Due to its high-level interface, Seaborn is the go-to library for the majority of them, enabling the development of stunning graphs in just a few lines of code.
Box plots
A graphical way to show the five-number summary is with a box plot. By utilising the sns.boxplot method on Seaborn and providing the x and y column names along with the data, we can produce box plots.
df = wine_reviews[(wine_reviews['points']>=95) & (wine_reviews['price']<1000)]
sns.boxplot('points', 'price', data=df)
Heatmap
The individual values found in a matrix are represented as colours in a heatmap, which is a graphical representation of data. Heatmaps are ideal for investigating the relationship between the features in a dataset.
We can call “dataset” to obtain the correlation of the features contained within the dataset.corr(), a dataframe method in the Pandas library.
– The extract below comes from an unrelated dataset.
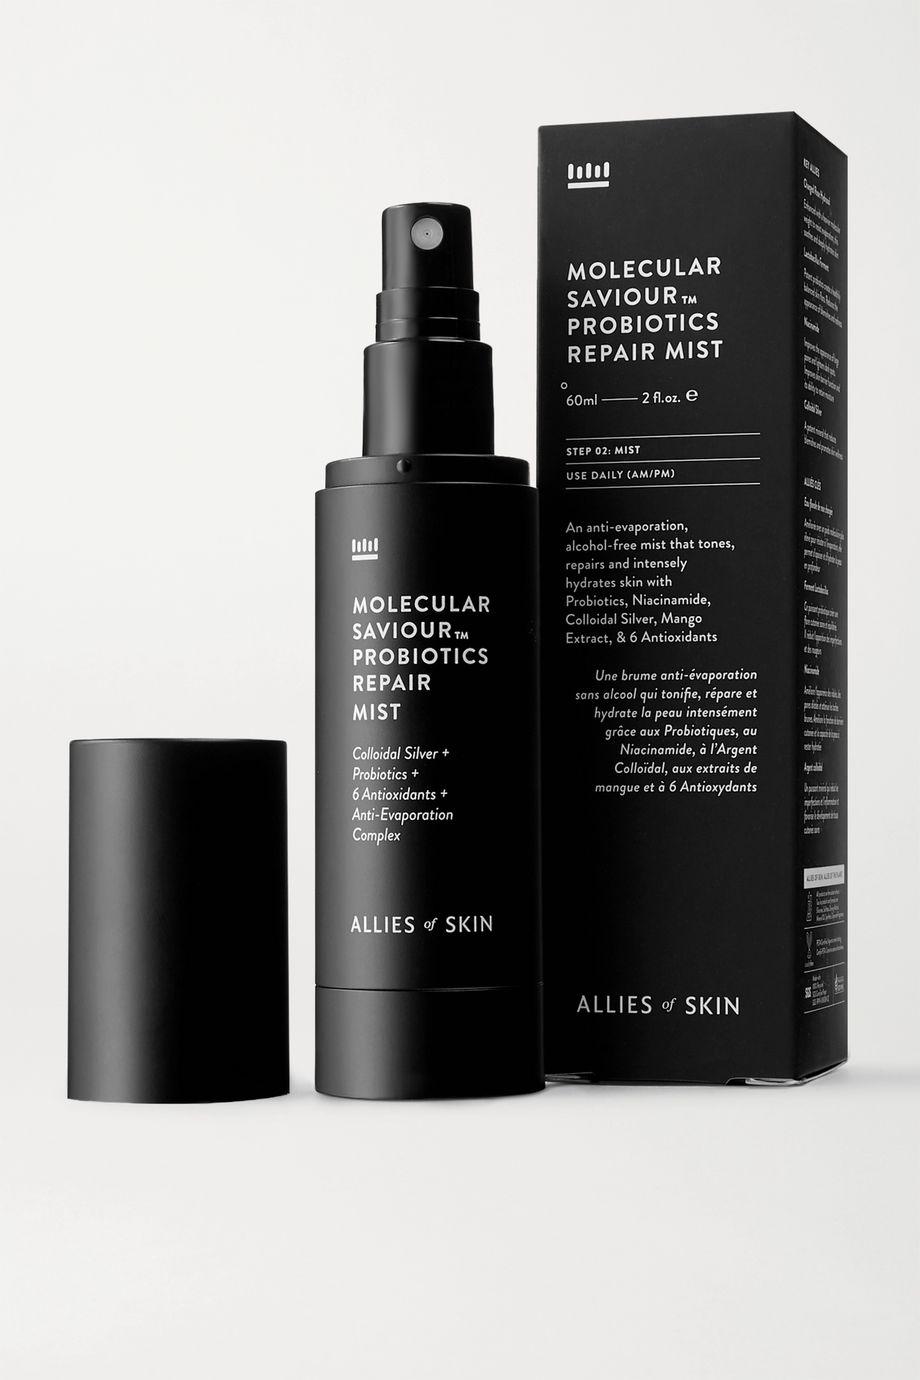 Allies of Skin Molecular Saviour Probiotics Repair Mist, 60ml

We will receive the correlation matrix as a result.
The heatmap can now be produced using either Matplotlib or Seaborn.
# get correlation matrix
corr = iris.corr()
fig, ax = plt.subplots()
# create heatmap
im = ax.imshow(corr.values)
# set labels
ax.set_xticks(np.arange(len(corr.columns)))
ax.set_yticks(np.arange(len(corr.columns)))
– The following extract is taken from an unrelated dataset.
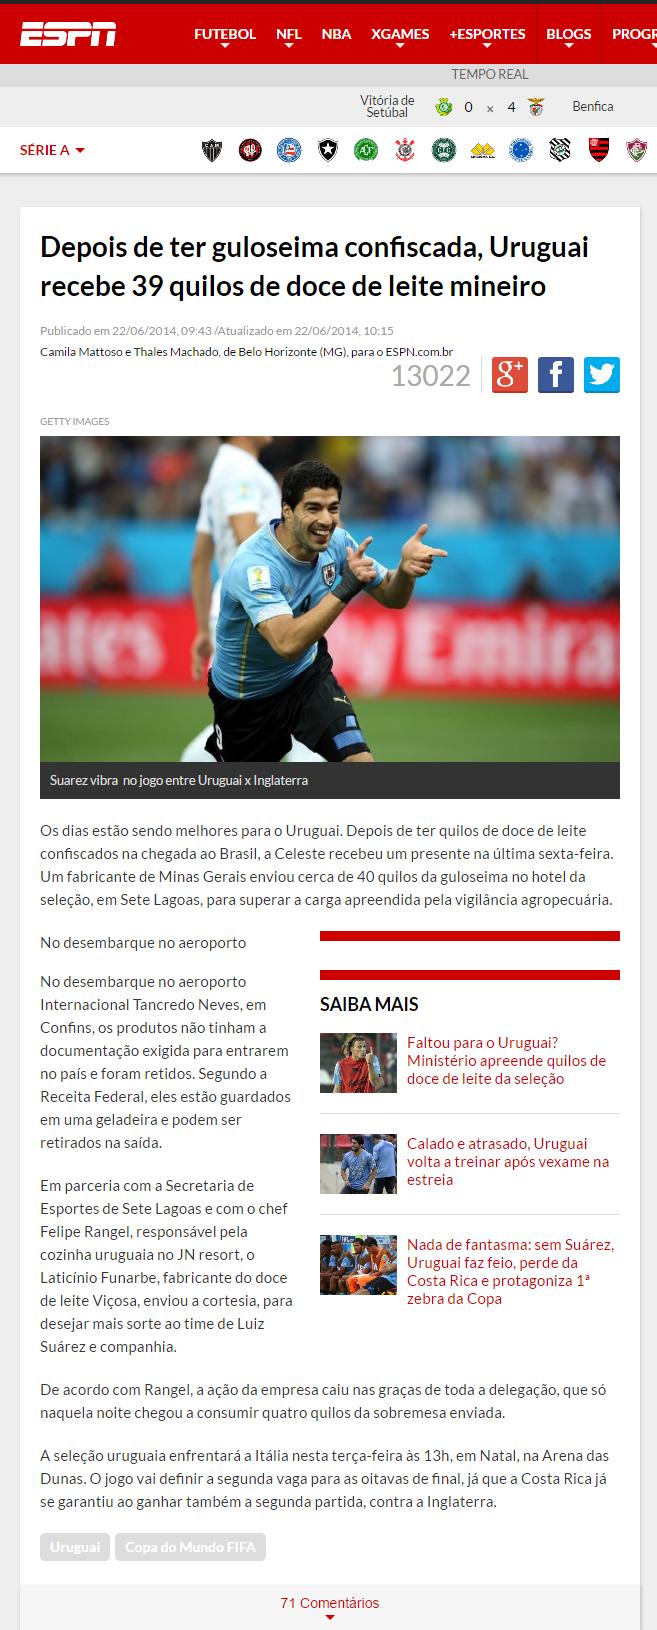 screenshot-espn.uol_.com_.br-2014-09-12-18-08-19-e1492726997318

ax.set_xticklabels(corr.columns)
ax.set_yticklabels(corr.columns)
# Rotate the tick labels and set their alignment.
plt.setp(ax.get_xticklabels(), rotation=45, ha="right",
rotation_mode="anchor")
Two for loops must be added in order to annotate the heatmap:
# get correlation matrix
corr = iris.corr()
fig, ax = plt.subplots()
# create heatmap
im = ax.imshow(corr.values)
# set labels
ax.set_xticks(np.arange(len(corr.columns)))
ax.set_yticks(np.arange(len(corr.columns)))
ax.set_xticklabels(corr.columns)
ax.set_yticklabels(corr.columns)
# Rotate the tick labels and set their alignment.
plt.setp(ax.get_xticklabels(), rotation=45, ha="right",
rotation_mode="anchor")
# Loop over data dimensions and create text annotations.
for i in range(len(corr.columns)):
for j in range(len(corr.columns)):
text = ax.text(j, i, np.around(corr.iloc[i, j], decimals=2),
ha="center", va="center", color="black")
Seaborn makes it way easier to create a heatmap and add annotations:
sns.heatmap(iris.corr(), annot=True)
Conclusion
The study of data visualisation involves attempting to comprehend data by putting it in a visual context in order to reveal patterns, trends, and connections that might not otherwise be visible.
Python has a number of excellent graphing packages that are jam-packed with unique capabilities. In this article, we examined Seaborn, Pandas visualisation, and Matplotlib.